L’entrée en vigueur d’une série de lois plus strictes au Danemark a suscité la polémique en Europe. Les Danois sont-ils devenus plus xénophobes ? Qu’est-il advenu du Danemark progressiste ?

La semaine dernière, tous les regards étaient braqués sur le parlement danois qui a approuvé une série de lois sur la migration, telle que la fameuse « loi sur les bijoux ». Celle-ci stipule que les réfugiés qui ont plus de 1.340 euros d’argent liquide ou d’objets précieux en poche doivent les céder pour payer leur frais de résidence, même s’ils peuvent conserver les bijoux ou les objets précieux qui revêtent une « valeur sentimentale ». Les parlementaires danois ont également décidé que les migrants doivent attendre au moins trois ans avant de faire venir leur femme et leurs enfants.

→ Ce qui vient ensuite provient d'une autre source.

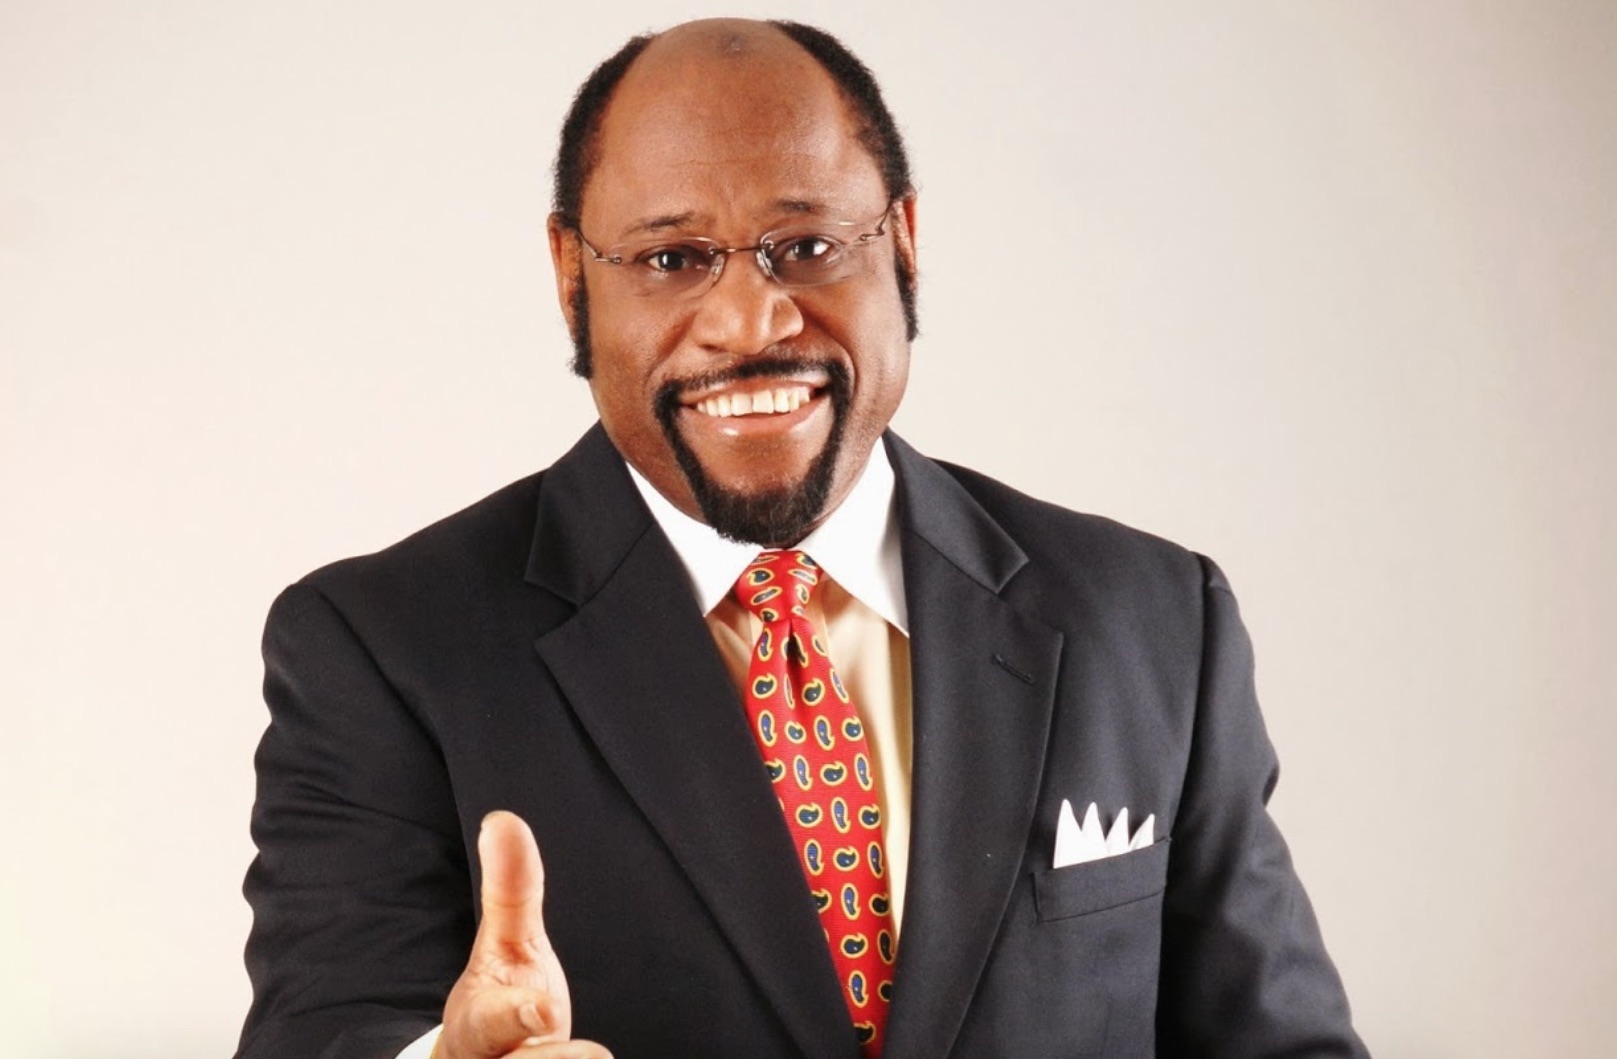 Download Mp3 | All Dr Myles Munroe Messages On Spiritual Growth

Les partis du gouvernement, mais aussi le parti social-démocrate de l’opposition, ont voté pour. Critiquées dans toute l’Europe, les lois ont donné lieu à des comparaisons avec les nazis dans certains pays. Le visage rouge de rage de Louis Michel (MR) a fait buzz. Pour Michel, le parlement européen a tenu un simulacre de débat sur les nouvelles lois danoises.

Jacob Torfing, politologue à l’Université de Roskilde au Danemark, partage son avis : « ‘La loi sur les bijoux’ n’a pas été instaurée pour rapporter de l’argent, mais pour éviter que les réfugiés entament le voyage. Pour cette raison, le Danemark publie des annonces à propos de la législation sévère dans les quotidiens du pays natal des migrants. »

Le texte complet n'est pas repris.